--- EXTRACTED RECORDS Enclosed Below ---

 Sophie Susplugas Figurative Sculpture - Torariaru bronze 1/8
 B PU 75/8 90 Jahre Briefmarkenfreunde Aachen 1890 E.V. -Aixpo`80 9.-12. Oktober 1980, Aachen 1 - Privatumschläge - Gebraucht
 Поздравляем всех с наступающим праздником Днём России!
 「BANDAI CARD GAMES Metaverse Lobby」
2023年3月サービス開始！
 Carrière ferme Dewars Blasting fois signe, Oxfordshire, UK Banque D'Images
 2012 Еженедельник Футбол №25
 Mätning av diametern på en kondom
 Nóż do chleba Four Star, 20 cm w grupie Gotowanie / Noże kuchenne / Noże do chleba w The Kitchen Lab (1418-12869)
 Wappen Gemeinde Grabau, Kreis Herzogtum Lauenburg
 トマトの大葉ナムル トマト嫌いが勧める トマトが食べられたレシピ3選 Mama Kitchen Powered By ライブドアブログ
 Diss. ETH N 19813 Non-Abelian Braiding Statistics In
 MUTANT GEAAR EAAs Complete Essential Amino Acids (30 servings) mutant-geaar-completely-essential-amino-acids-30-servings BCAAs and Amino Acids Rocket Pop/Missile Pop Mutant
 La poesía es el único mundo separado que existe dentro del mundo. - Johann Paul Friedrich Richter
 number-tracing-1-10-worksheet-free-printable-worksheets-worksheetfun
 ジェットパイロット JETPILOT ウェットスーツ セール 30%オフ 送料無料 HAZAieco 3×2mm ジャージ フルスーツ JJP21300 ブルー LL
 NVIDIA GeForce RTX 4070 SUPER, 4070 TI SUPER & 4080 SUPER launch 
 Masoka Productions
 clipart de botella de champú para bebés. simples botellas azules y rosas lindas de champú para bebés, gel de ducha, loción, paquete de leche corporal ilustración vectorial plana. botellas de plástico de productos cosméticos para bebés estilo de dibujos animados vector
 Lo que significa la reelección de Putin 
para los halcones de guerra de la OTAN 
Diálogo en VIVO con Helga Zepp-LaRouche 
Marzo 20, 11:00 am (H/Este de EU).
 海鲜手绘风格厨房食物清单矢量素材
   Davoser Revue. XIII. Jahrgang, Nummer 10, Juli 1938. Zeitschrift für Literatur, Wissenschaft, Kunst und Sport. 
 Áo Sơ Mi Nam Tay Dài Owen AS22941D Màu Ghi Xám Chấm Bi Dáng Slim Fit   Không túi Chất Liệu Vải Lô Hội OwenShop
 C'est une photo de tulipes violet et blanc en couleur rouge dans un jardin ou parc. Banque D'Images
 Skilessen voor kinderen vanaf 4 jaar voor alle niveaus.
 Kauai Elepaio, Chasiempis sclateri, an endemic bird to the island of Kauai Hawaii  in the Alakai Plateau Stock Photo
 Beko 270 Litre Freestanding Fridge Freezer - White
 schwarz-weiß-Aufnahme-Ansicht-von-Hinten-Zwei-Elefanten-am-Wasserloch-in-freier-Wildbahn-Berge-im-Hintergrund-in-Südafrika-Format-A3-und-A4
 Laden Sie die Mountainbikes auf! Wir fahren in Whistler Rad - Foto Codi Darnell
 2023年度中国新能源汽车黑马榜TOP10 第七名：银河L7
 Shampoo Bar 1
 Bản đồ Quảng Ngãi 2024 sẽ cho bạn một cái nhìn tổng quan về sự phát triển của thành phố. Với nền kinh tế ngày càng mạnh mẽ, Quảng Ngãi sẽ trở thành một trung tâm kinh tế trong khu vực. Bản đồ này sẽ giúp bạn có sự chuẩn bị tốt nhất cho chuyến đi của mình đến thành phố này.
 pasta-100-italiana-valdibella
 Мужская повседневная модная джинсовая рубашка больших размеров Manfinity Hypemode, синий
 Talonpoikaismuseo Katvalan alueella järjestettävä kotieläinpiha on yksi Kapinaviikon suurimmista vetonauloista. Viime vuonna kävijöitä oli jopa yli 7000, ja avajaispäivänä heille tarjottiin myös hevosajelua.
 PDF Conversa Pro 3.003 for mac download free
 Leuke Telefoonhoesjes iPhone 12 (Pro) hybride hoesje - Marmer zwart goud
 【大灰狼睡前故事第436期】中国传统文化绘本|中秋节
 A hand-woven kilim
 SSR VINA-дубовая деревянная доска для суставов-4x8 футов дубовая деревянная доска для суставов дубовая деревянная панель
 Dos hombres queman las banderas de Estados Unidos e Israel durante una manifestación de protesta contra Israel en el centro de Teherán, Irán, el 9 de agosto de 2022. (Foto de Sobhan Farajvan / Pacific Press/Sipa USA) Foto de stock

--- End of Enclosed EXTRACTED RECORDS ---

» **DIRECTIONS**
After locating the line holding "Mätning av diametern på en kondom" above, output exactly that line and every line after it through the line holding "Masoka Productions". Include nothing else.

» **SOLUTION TO THE PROBLEM**
 Mätning av diametern på en kondom
 Nóż do chleba Four Star, 20 cm w grupie Gotowanie / Noże kuchenne / Noże do chleba w The Kitchen Lab (1418-12869)
 Wappen Gemeinde Grabau, Kreis Herzogtum Lauenburg
 トマトの大葉ナムル トマト嫌いが勧める トマトが食べられたレシピ3選 Mama Kitchen Powered By ライブドアブログ
 Diss. ETH N 19813 Non-Abelian Braiding Statistics In
 MUTANT GEAAR EAAs Complete Essential Amino Acids (30 servings) mutant-geaar-completely-essential-amino-acids-30-servings BCAAs and Amino Acids Rocket Pop/Missile Pop Mutant
 La poesía es el único mundo separado que existe dentro del mundo. - Johann Paul Friedrich Richter
 number-tracing-1-10-worksheet-free-printable-worksheets-worksheetfun
 ジェットパイロット JETPILOT ウェットスーツ セール 30%オフ 送料無料 HAZAieco 3×2mm ジャージ フルスーツ JJP21300 ブルー LL
 NVIDIA GeForce RTX 4070 SUPER, 4070 TI SUPER & 4080 SUPER launch 
 Masoka Productions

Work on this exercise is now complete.